Once the line containing "Napoli. L'Italia. Perseo" is found, please copy it and all lines after it through the end of the records, exactly, leaving out pictures.
**** INPUT DATA ****
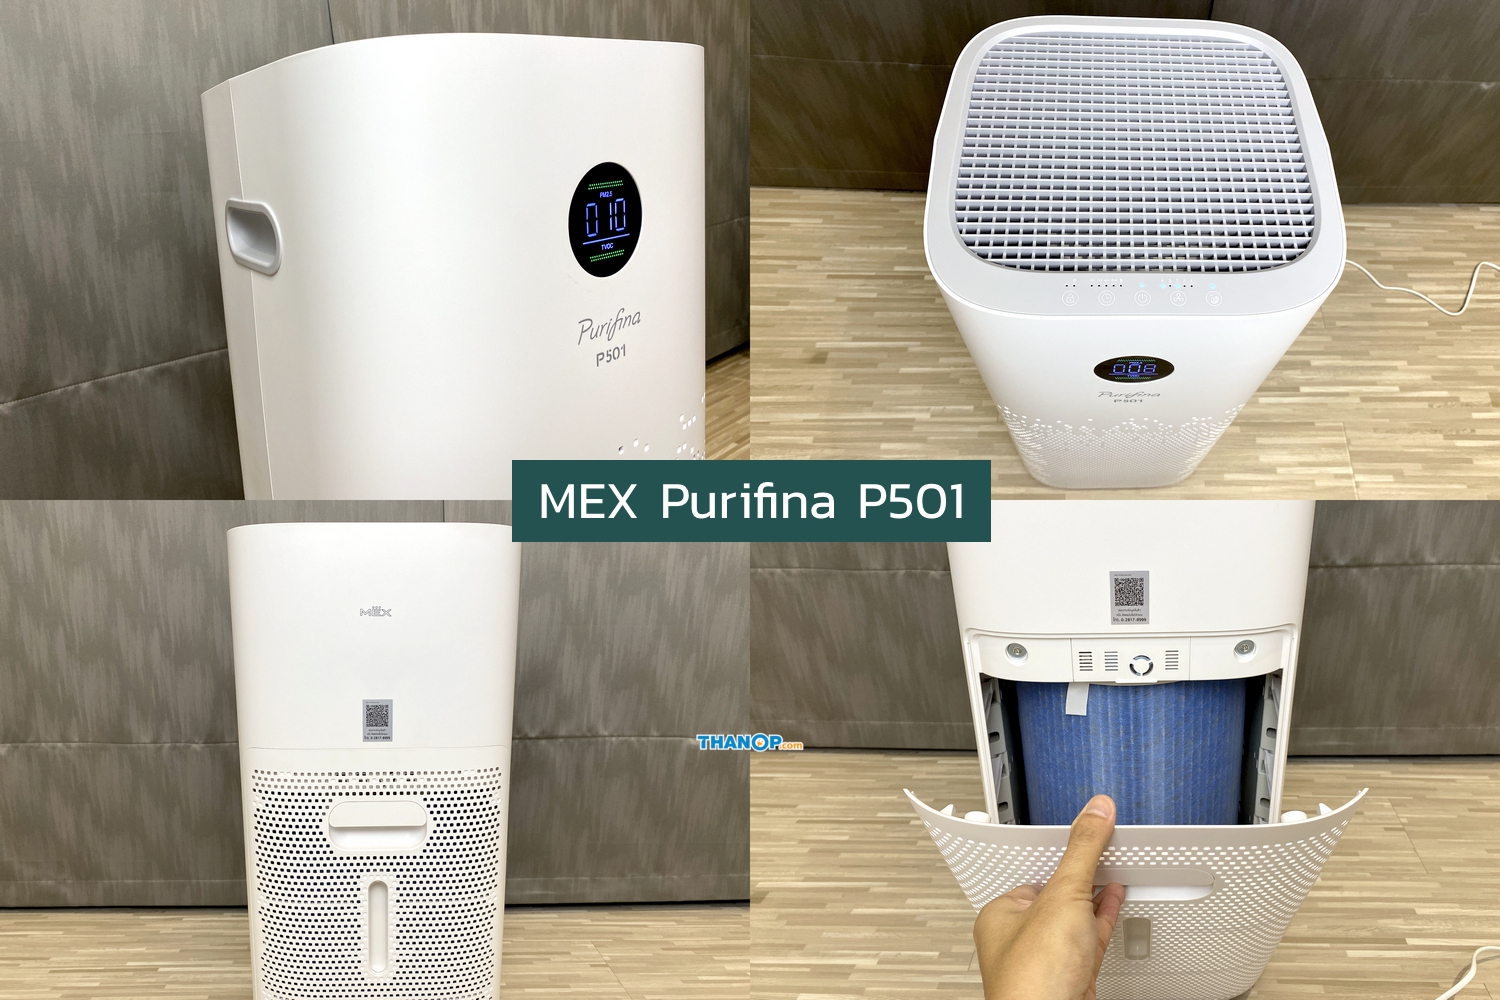 MEX Purifina P501 Working
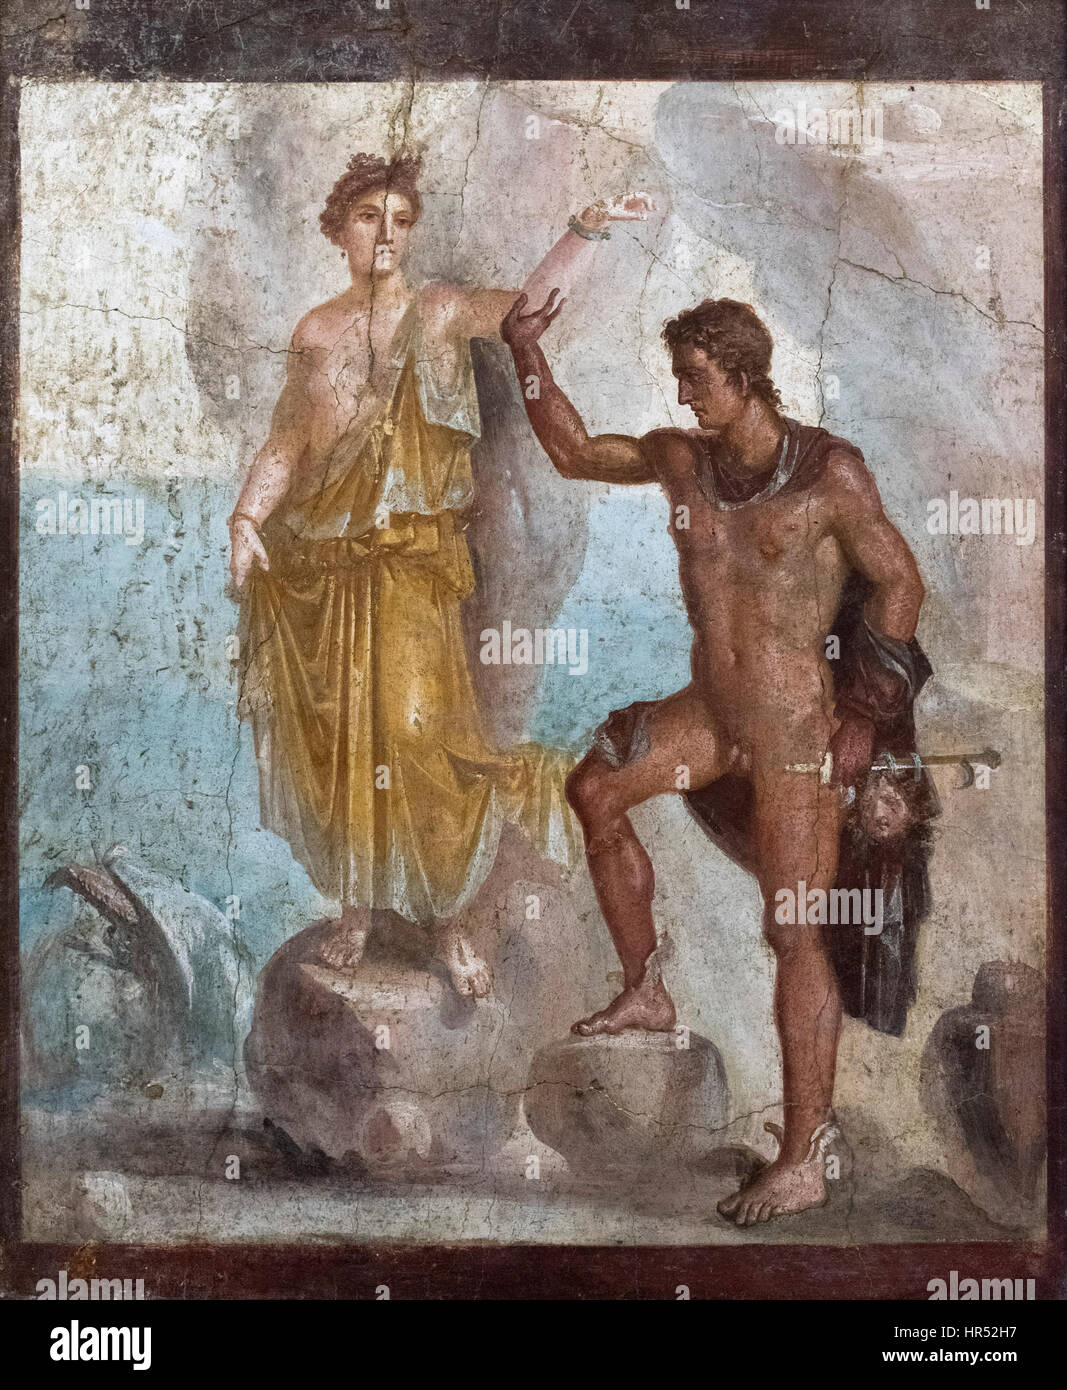 Napoli. L'Italia. Perseo e Andromeda, affresco 62-79 AD, dalla casa dei Dioscuri a Pompei, Museo Archeologico Nazionale di Napoli. Foto Stock
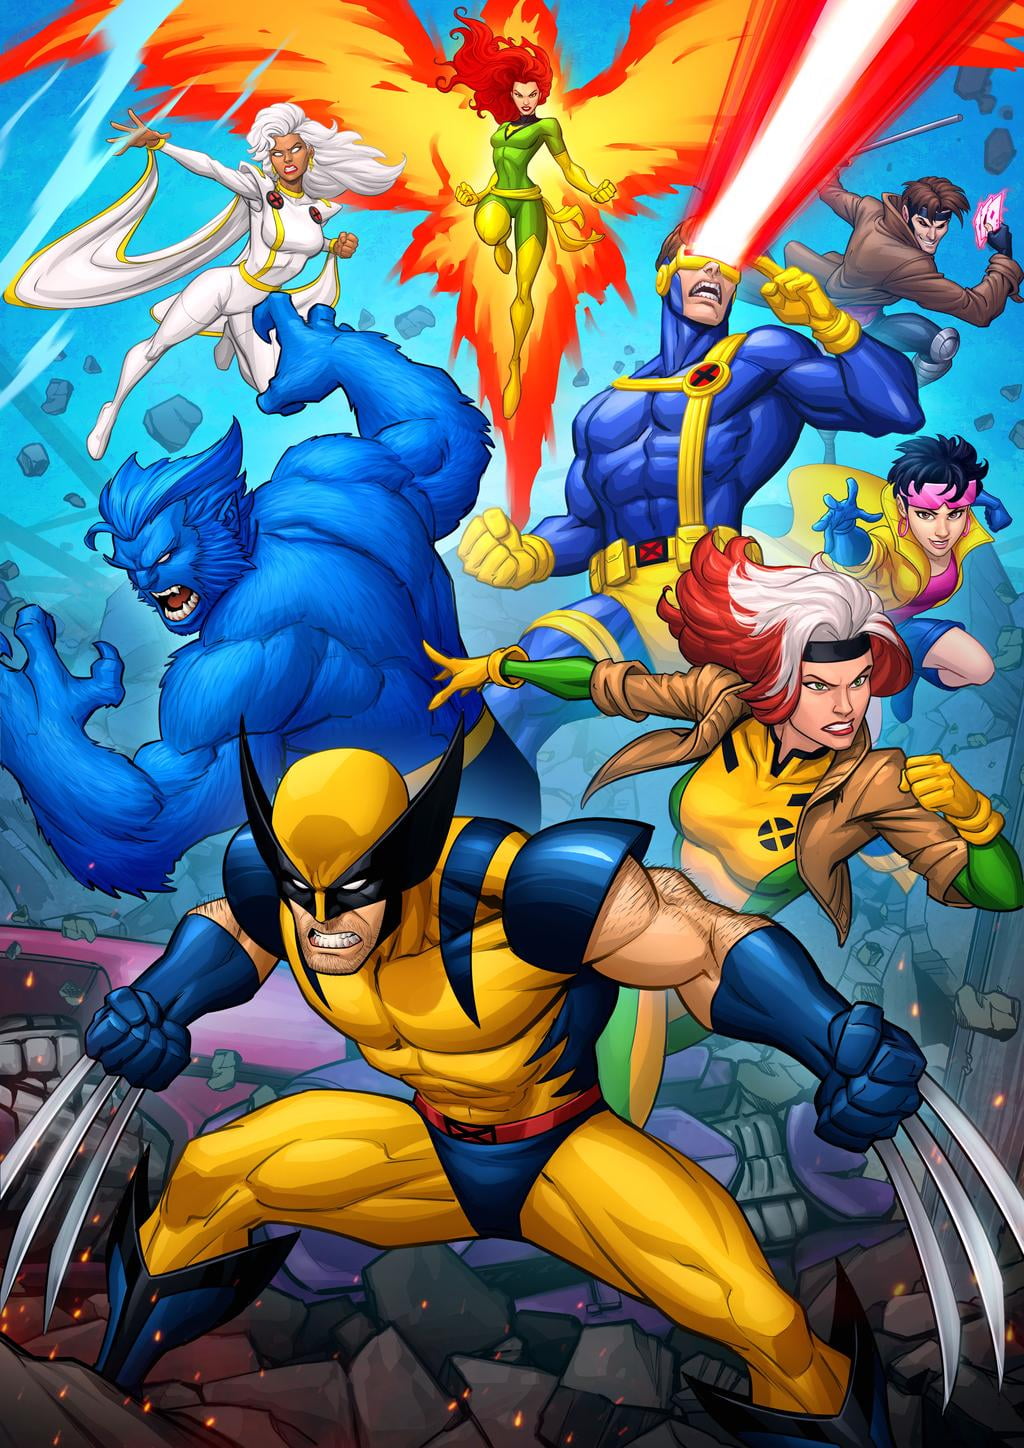 Patrick Brown, fan art, Wolverine, X-Men, Cyclops, Jean Grey
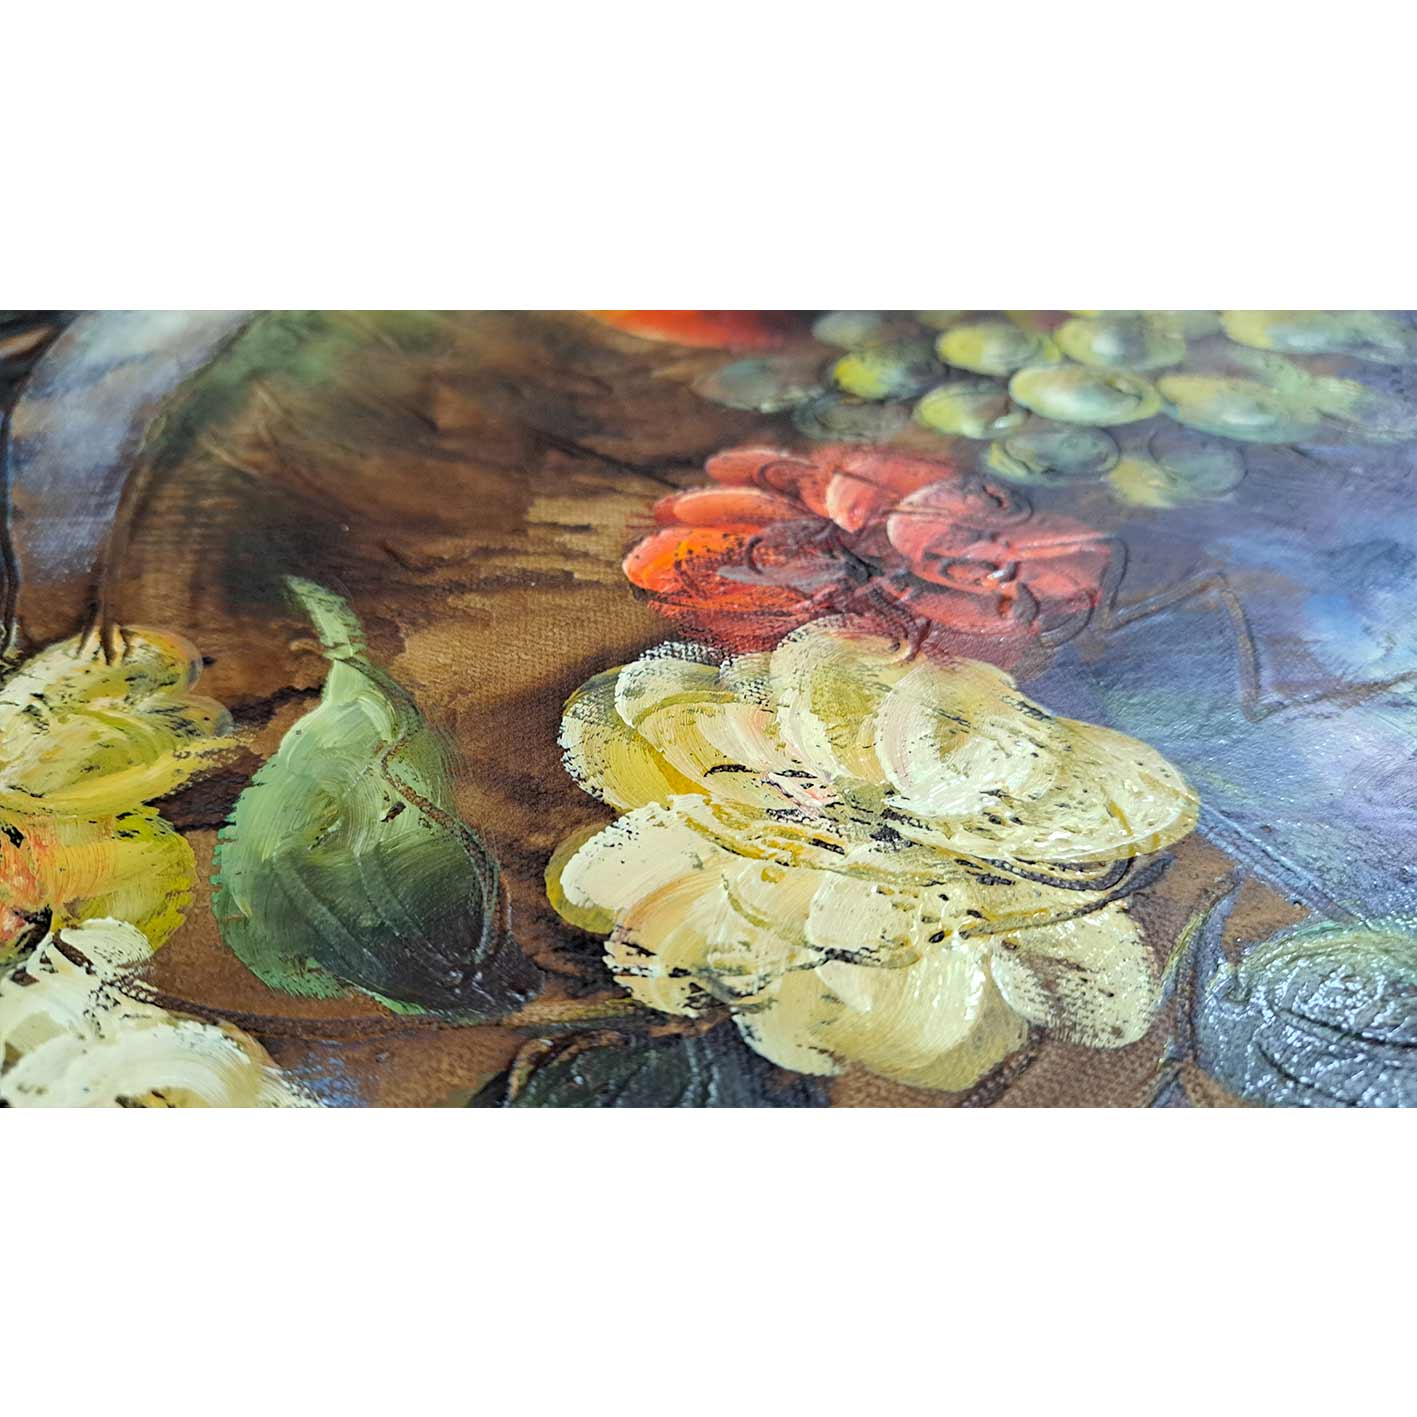 Blumenstillleben-Diptychon-Gemälde 60x50 cm [2 Stück]
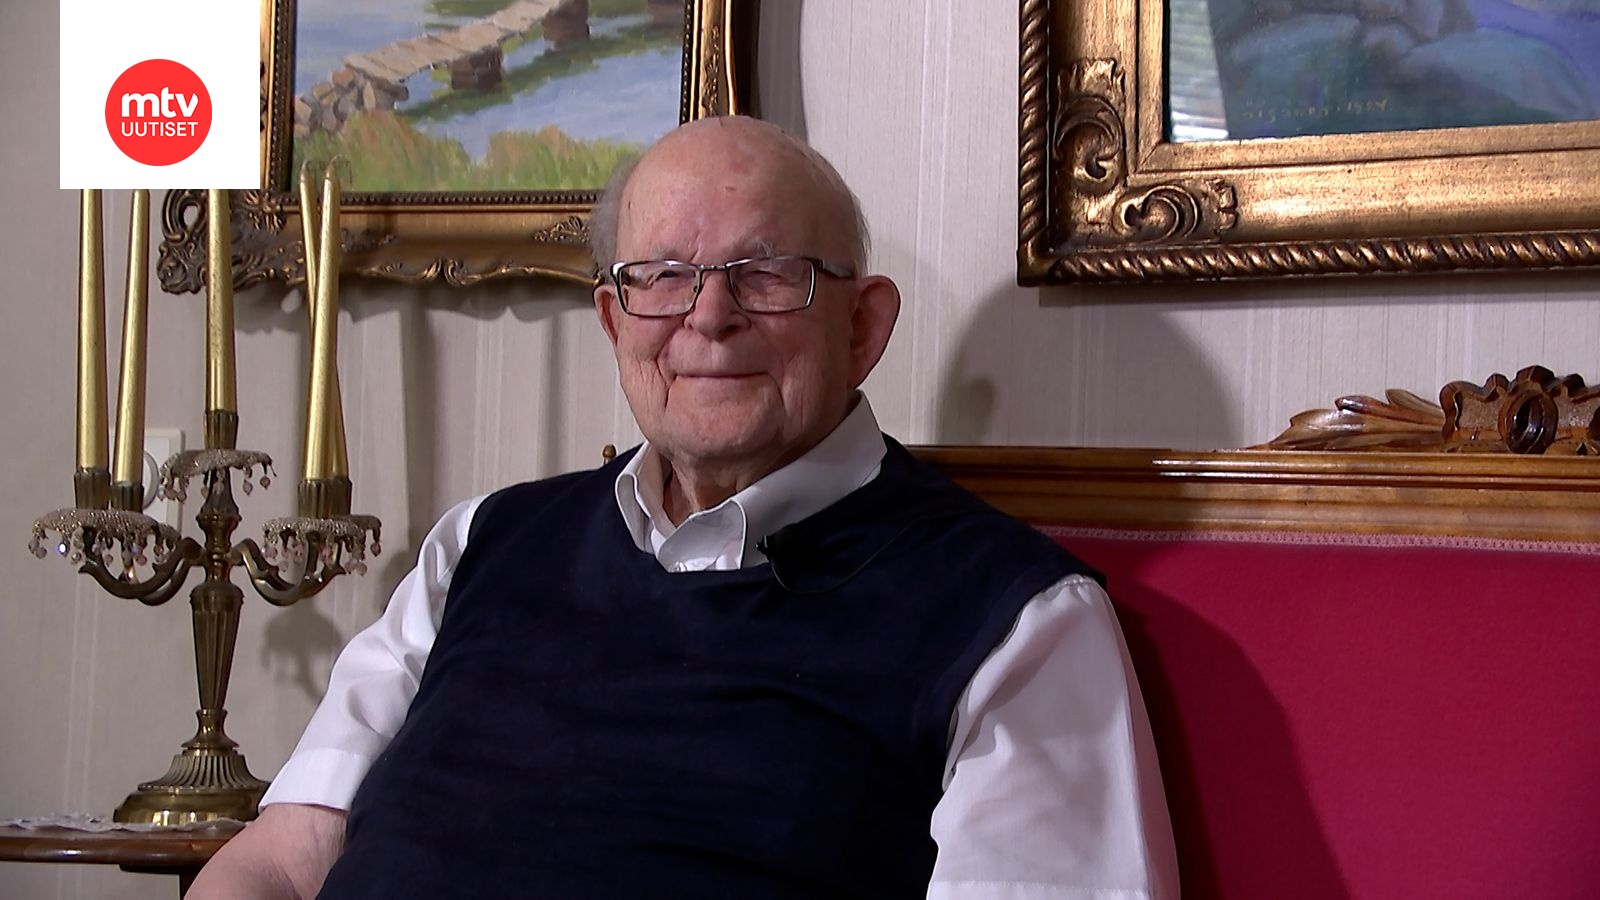 Kolmen sodan taistellut veteraani Eero, 100, on Suomen vanhimman  aatelissuvun vanhin jäsen
****
§ **RESPONSE**:
 Napoli. L'Italia. Perseo e Andromeda, affresco 62-79 AD, dalla casa dei Dioscuri a Pompei, Museo Archeologico Nazionale di Napoli. Foto Stock
 Patrick Brown, fan art, Wolverine, X-Men, Cyclops, Jean Grey
 Blumenstillleben-Diptychon-Gemälde 60x50 cm [2 Stück]
 Kolmen sodan taistellut veteraani Eero, 100, on Suomen vanhimman  aatelissuvun vanhin jäsen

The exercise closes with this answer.